INTEGRAZIONE DELLE RELIGIOSE IMMIGRATE D. Una domanda sull’accompagnamento di religiosi e religiose che giungono da altre culture. Molte fanno delle grandi fatiche a integrarsi nella realtà religiosa presente qui da noi. R. Fanno fatica perché, senza accorgercene, li prendiamo nella nostra cultura senza tanti complimenti, chiedendo che si adattino in fretta e bene alle nostre tradizioni e al nostro modo di vedere. Facciamo come se non fossero indiani o brasiliani, sudamericano o asiatici, facciamo come se non fossero … suore come le altre. E’ un errore. C’è chi è più delicato e più attento, c’è chi lo è meno.
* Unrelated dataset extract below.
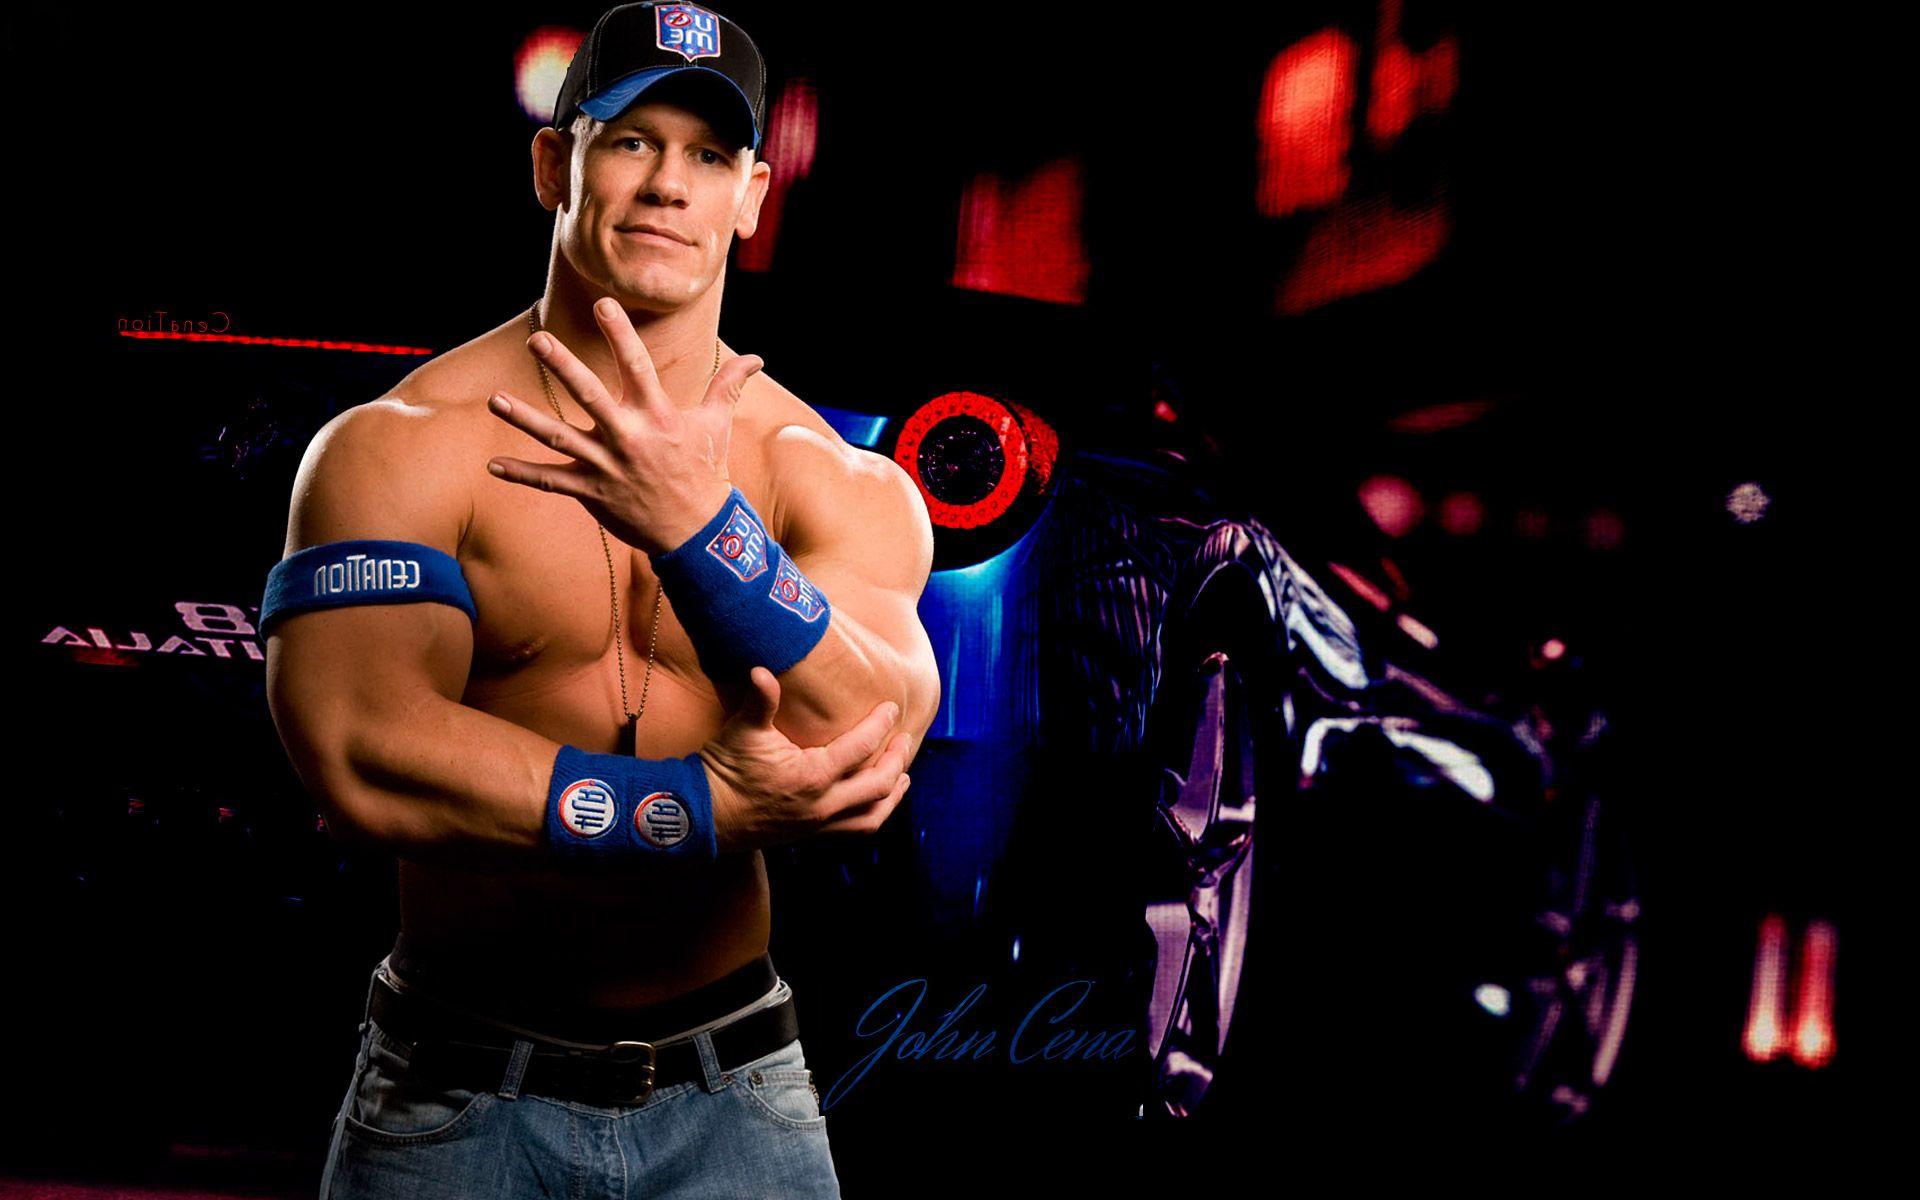 WWE Superstar John Cena Latest HD Wallpaper And New Photo
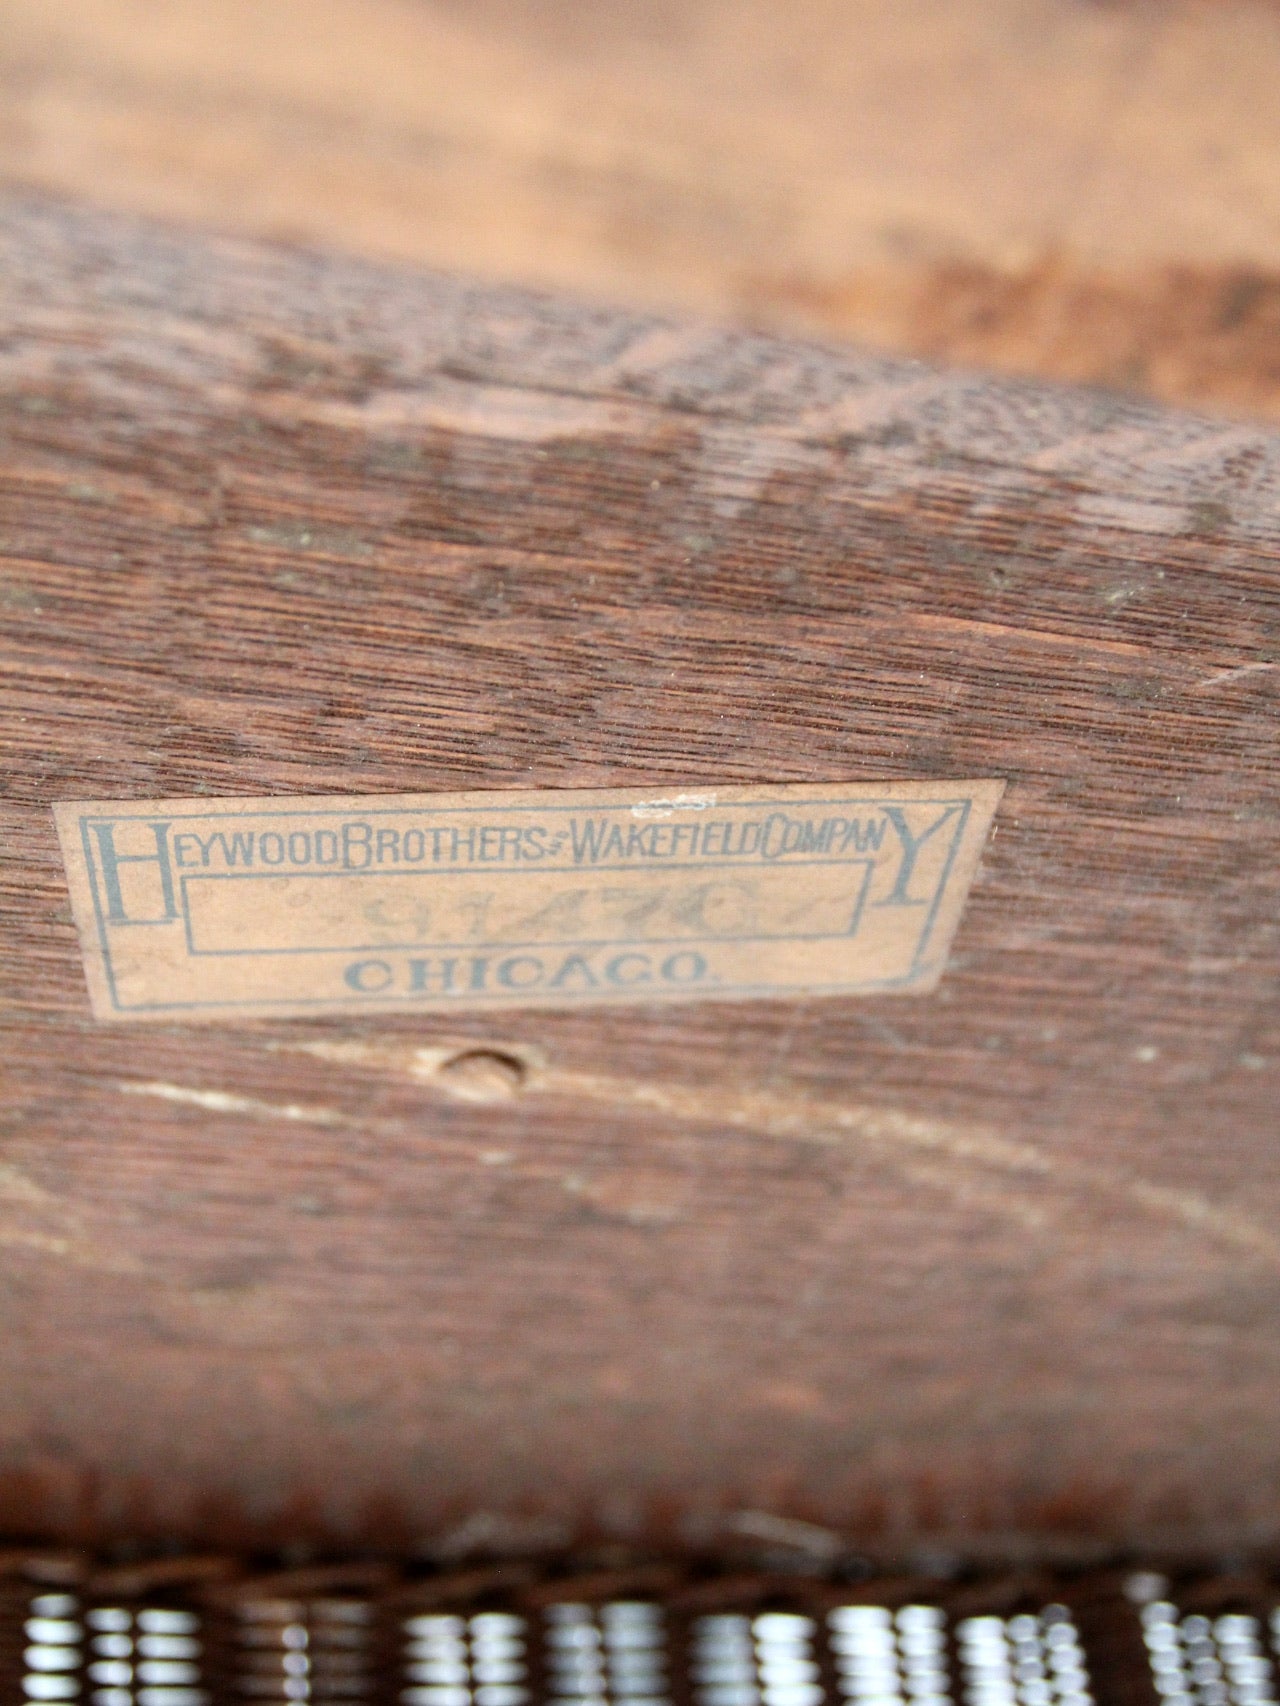 antique Heywood Wakefield wicker table

Bisogna rispettare molto questi religiosi, perché c’è una parte di sofferenza che queste persone si portano dentro per il solo fatto che sono sradicate dalla loro famiglia. D’accordo, hanno scelto di seguire Gesù, desiderano vivere la loro vocazione, ossia seguire ed amare Gesù più del padre e della madre, ma tutto questo si paga. E allora bisogna essere attenti. Capita spesso nelle comunità che i religiosi e le religiose bianchi europei anziani siano un po’ intolleranti verso i giovani. E qui c’è doppio ostacolo: generazione e razza. Le incomprensioni nascono dalle differenze generazionali prima ancora che culturali, le due cose si accumulano e le giovani soffrono abbastanza. Bisogna aiutarle molto quanto si può, accettando la cosa. Il discorso con le persone anziane bianche non viene ascoltato più di tanto. A loro pare di essere «invase» da persone diverse, mentre spesso «salvano» tanti Istituti religiosi femminili dalla chiusura. E’ ovvio che le suore anziane abbiano abitudini rigide, come era la vita religiosa cinquant’anni fa, del tipo «non si tocca questo, non si cambia quello». Le tradizioni a volte diventano più importanti del Vangelo e soprattutto della carità. A loro pare impossibile accettare anche il minimo cambiamento di tradizioni, quindi non riescono a non sentirle un po’ come intruse. Certo qui la carità viene messa da parte, ma purtroppo è proprio così. Allora si tratta di aiutare queste giovani ad avere molto cuore, molta pazienza, dicendo loro: «Tu sei giovane hai tutti i diritti, però la nostra cultura è così, siamo fatti così, porta pazienza». Sono le giovani che sono maggiormente vittime della situazione, e sono da aiutare perché diventino attive nella capacità di superare le differenze. Loro ne sono capaci, a differenza delle anziane. 27


Ci son delle giovani, ad esempio nelle Suore di Sant’Anna, che sono ormai più indiane che italiane come organizzazione, ci sono delle giovani indiane, ma anche di altri continenti, che sono molto buone, molto fini. Hanno una spiritualità - secondo me - persino un po’ più mistica e un po’ più aperta a Dio di noi, sentono il problema di Dio nella preghiera e, oltre a questo, si rendono conto che è una sofferenza da vivere, se vogliono andare avanti, perché le case di formazione per adesso sono qui in Europa. Alcune lo vivono abbastanza bene. Trovo più facile fare questo discorso a loro piuttosto che alle suore anziane italiane. Non con tutte, certo, non sto facendo delle generalizzazioni, non c’è da perdere la speranza ma la mentalità veramente cattolica non è quella di un milione di credenti davanti al Papa, è quella di quattro suore in una stessa stanza! E questa matura piano piano, poco per volta, ma le generazioni giovani sono aperte e credo che avremo un bell’aiuto in futuro da queste religiose. Il discorso vale anche per i religiosi uomini, ma tenendo presente che l’uomo è diverso, è meno impegnato in questa dialettica.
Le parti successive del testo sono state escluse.